Federal Deputy from Bahia
- In office 1 February 1995 – 1 February 2015

State Deputy of Bahia
- In office 1 January 1991 – 1 January 1995

Personal details
- Born: 6 July 1950 (age 75) Recife, Pernambuco, Brazil
- Party: PP (2003–present)
- Other political affiliations: PMDB (1986–88); PSDB (1988–2011); PPR (2001–03);

= Mário Negromonte =

Brazilian politician (born 1950)

Mário Sílvio Mendes Negromonte (born 6 July 1950) is a Brazilian who has served as minister of cities under the Rousself administration and a member of the chamber of deputies from Bahia. Although born in Pernambuco, he has spent his political career representing the state of Bahia, having served as state representative from 2003 to 2019.

==Personal life==
Negromonte is married to Vilma Negromonte.
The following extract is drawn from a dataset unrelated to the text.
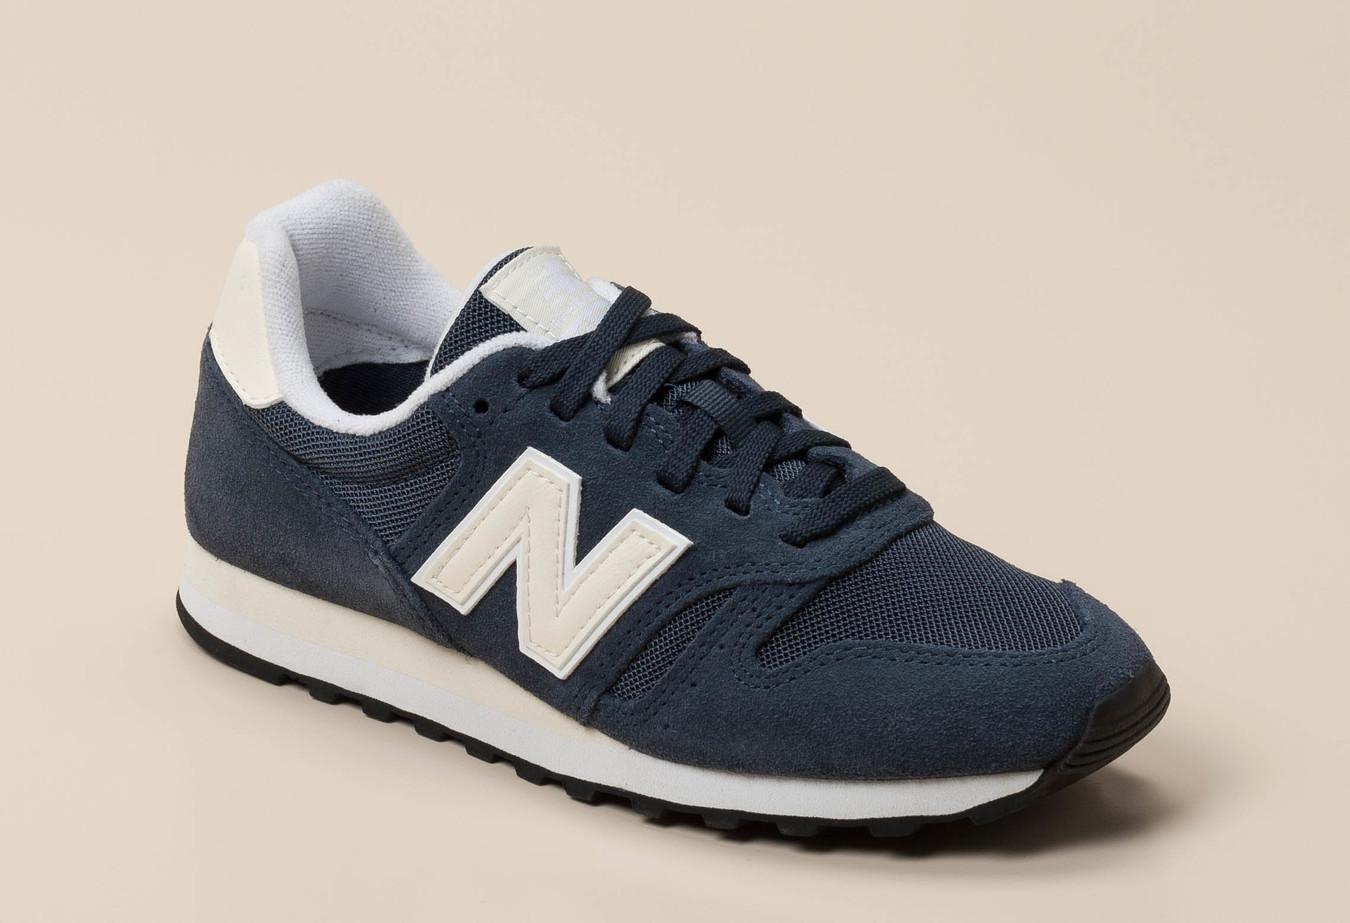 separation shoes 784e0 6cf3e New Balance Damen Sneaker in dunkelblau kaufen | Zumnorde Online-Shop

His son Mário Negromonte Jr. is also a politician.

==Political career==
Negromonte was elected state representative of Bahia in 1990 while part of the Brazilian Social Democracy Party. In 1994, he was elected to the federal chamber of deputies, and served for five consecutive terms. He was PP leader in the House of Representatives from 2006 to 2010.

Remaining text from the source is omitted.